SOURCE RECORDS.

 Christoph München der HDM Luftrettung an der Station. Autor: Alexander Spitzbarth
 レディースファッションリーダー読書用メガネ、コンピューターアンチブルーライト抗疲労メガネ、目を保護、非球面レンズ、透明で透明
...
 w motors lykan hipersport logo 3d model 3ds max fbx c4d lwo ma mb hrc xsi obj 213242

TRY IT. Write out, from the lines above, only those from the line with "Christoph München der" to the line with "レディースファッションリーダ", exactly as given, including the first and the last.

WRITTEN SOLUTION.
 Christoph München der HDM Luftrettung an der Station. Autor: Alexander Spitzbarth
 レディースファッションリーダー読書用メガネ、コンピューターアンチブルーライト抗疲労メガネ、目を保護、非球面レンズ、透明で透明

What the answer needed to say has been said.